═══ Recorded data ═══
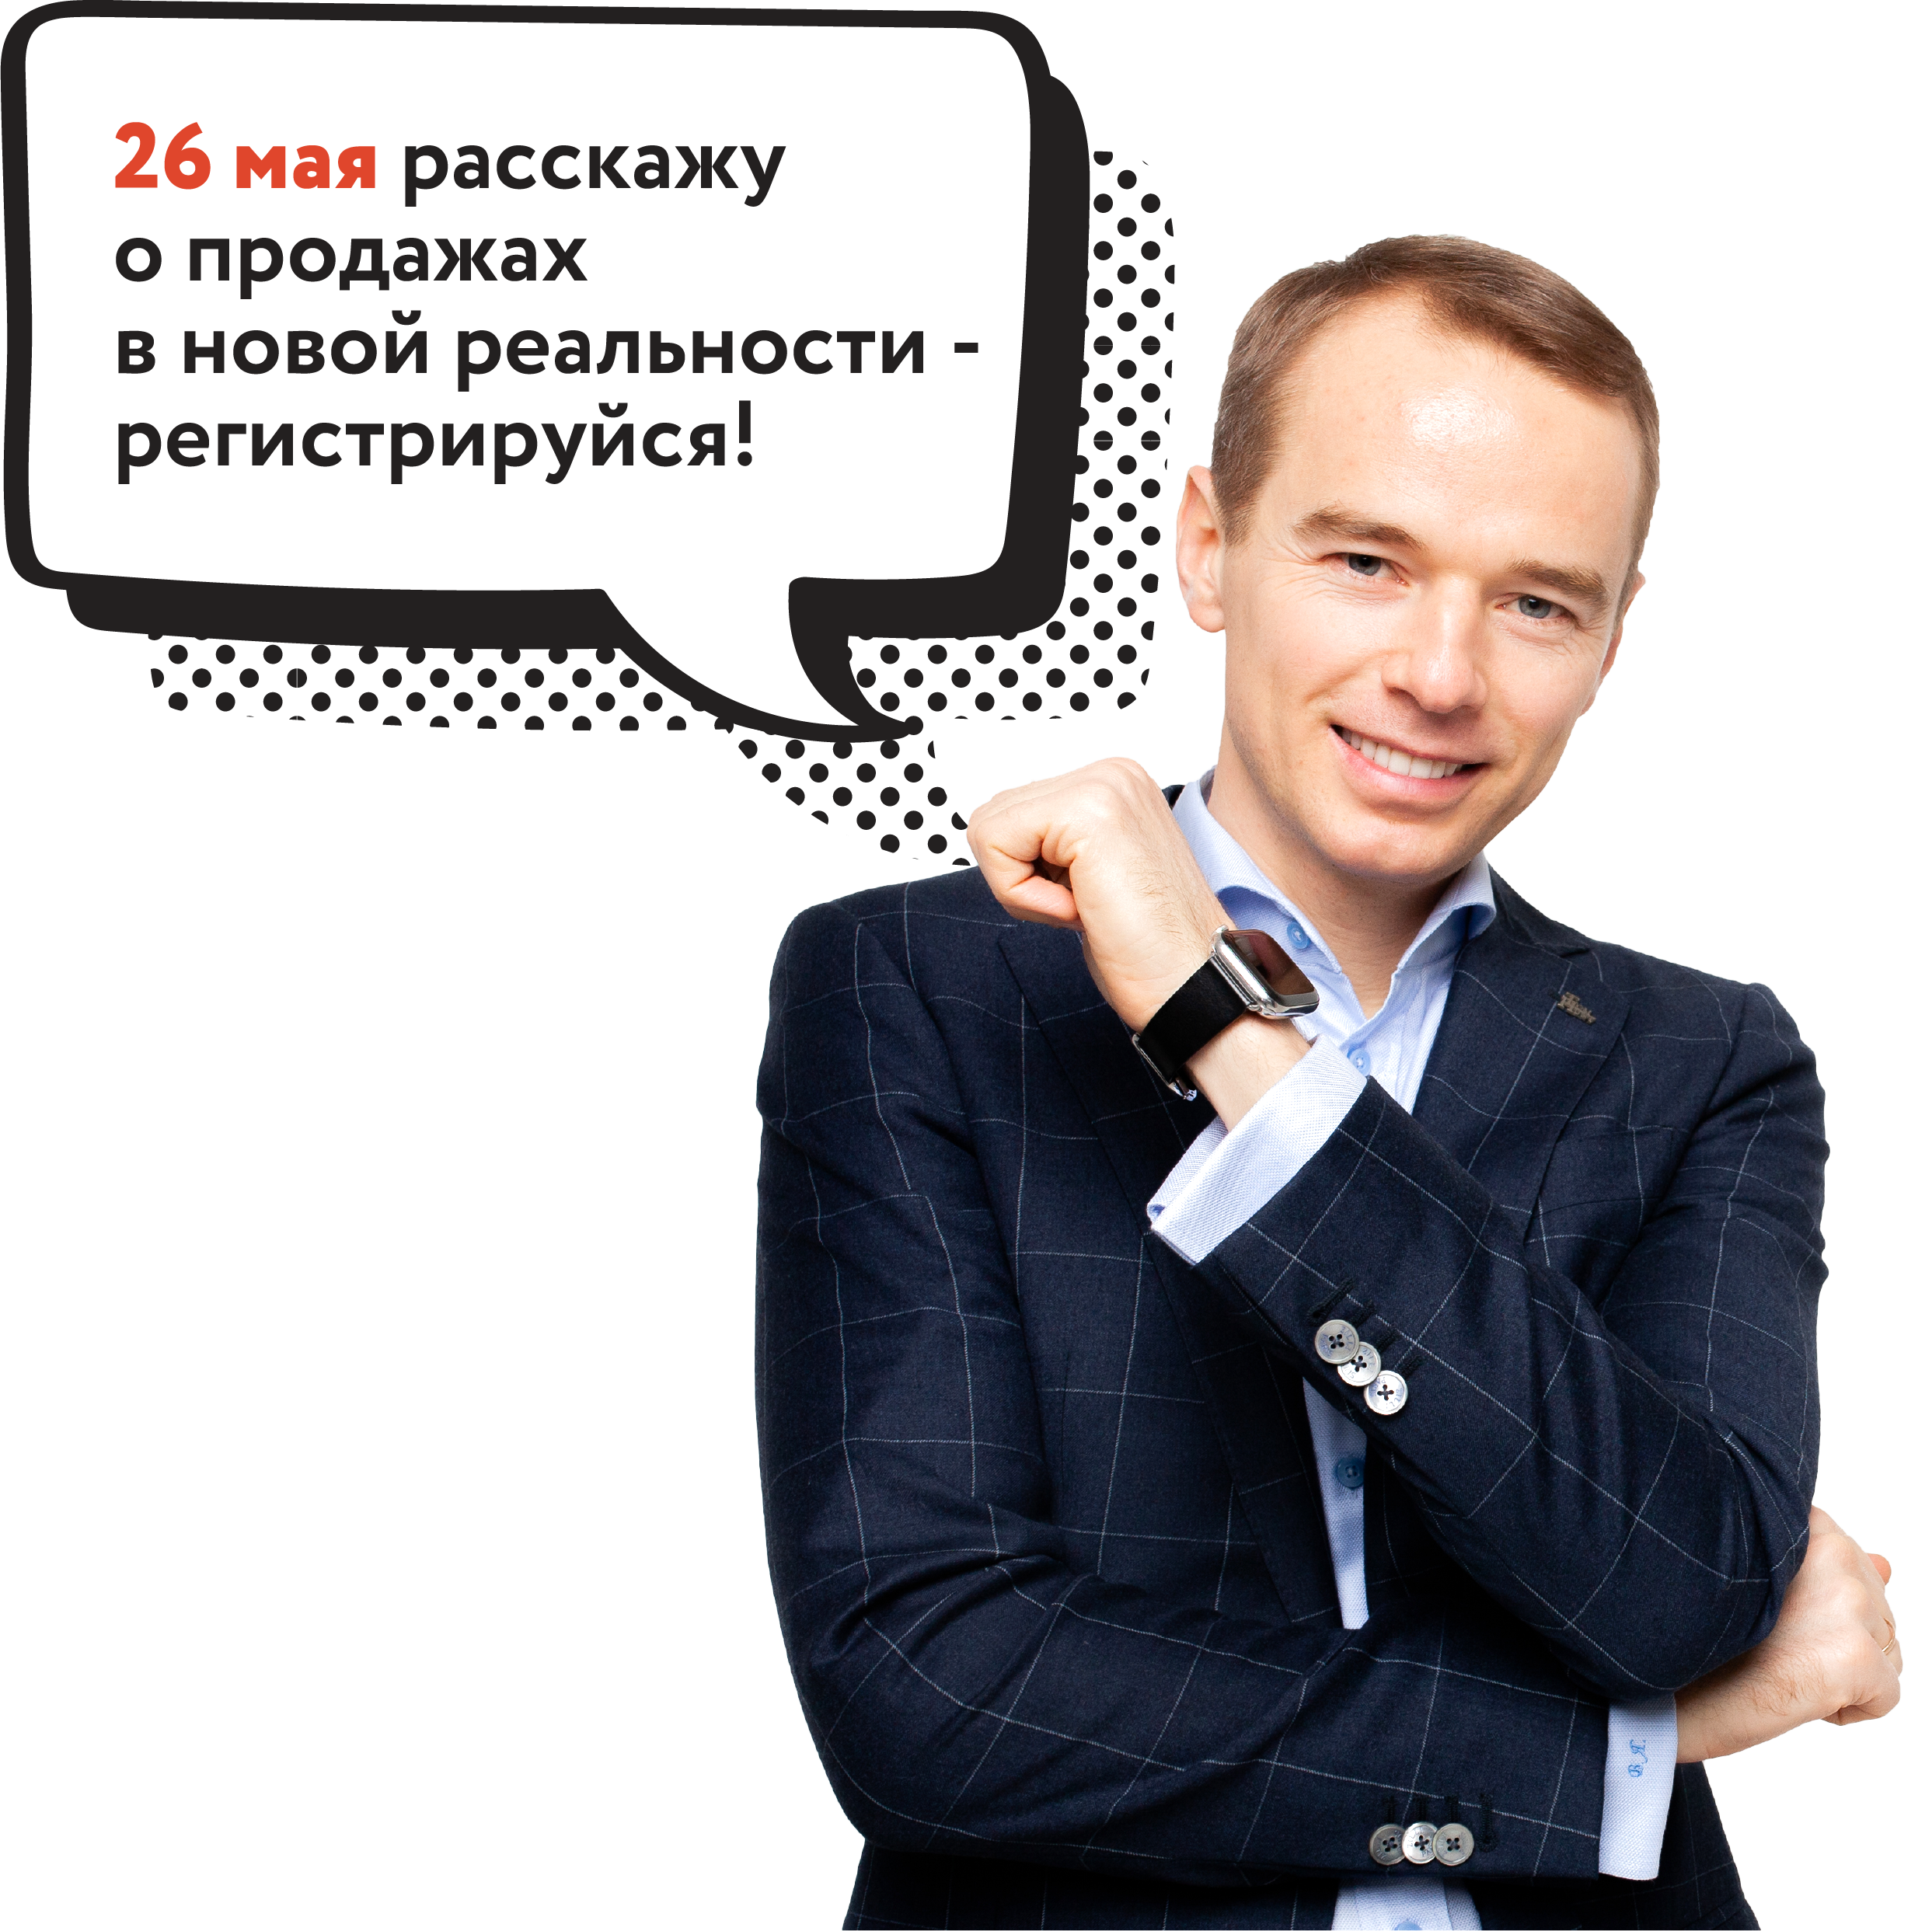 «Живой» мастер-класс от легенды продаж - Владимира Якубы!
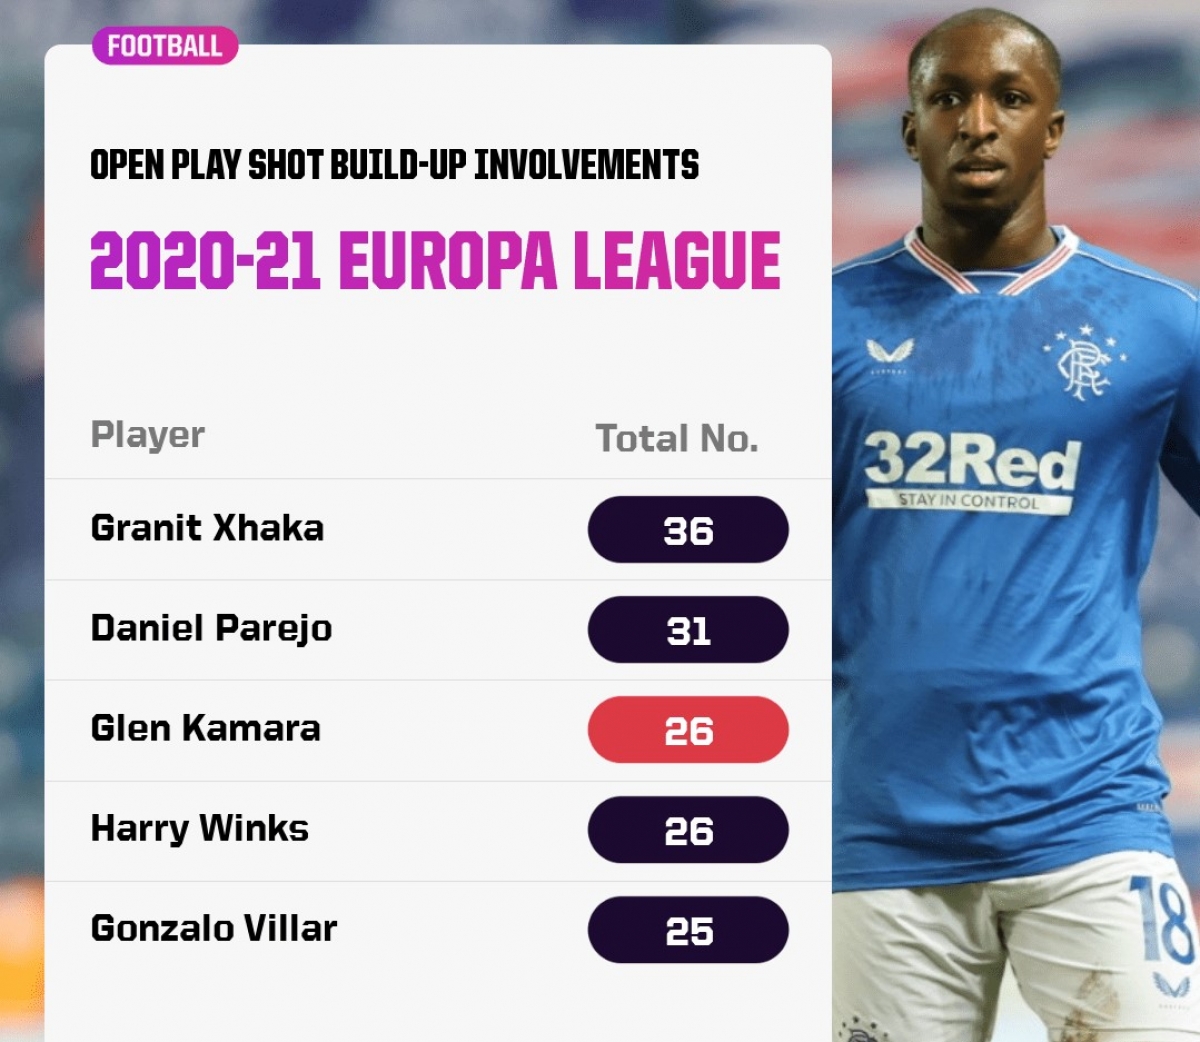 Danh sách top cầu thủ tham gia vào tình huống bóng mở nhiều nhất tại Europa League mùa 2020/21
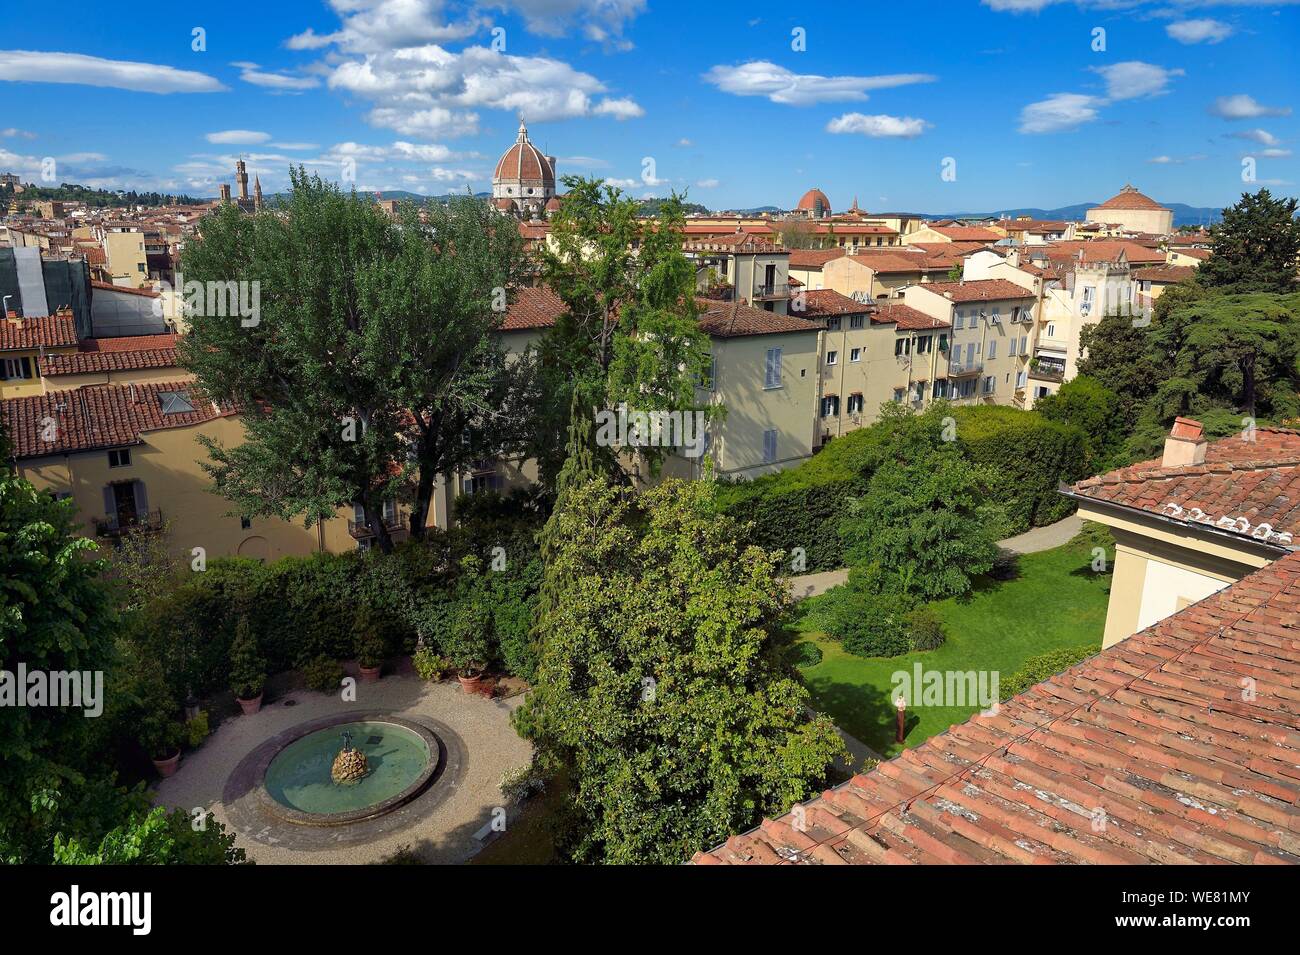 Italien, Toskana, Florenz, ein UNESCO Weltkulturerbe, Blick auf die Altstadt von der Palazzo della Gherardesca, 5 Sterne palace Four Seasons Hotel Firenze Stockfoto
═══
_Problem to solve_.
Make an exact copy of the listing. Do not carry over its pictures.

_Exercise response_.
 «Живой» мастер-класс от легенды продаж - Владимира Якубы!
 Danh sách top cầu thủ tham gia vào tình huống bóng mở nhiều nhất tại Europa League mùa 2020/21
 Italien, Toskana, Florenz, ein UNESCO Weltkulturerbe, Blick auf die Altstadt von der Palazzo della Gherardesca, 5 Sterne palace Four Seasons Hotel Firenze Stockfoto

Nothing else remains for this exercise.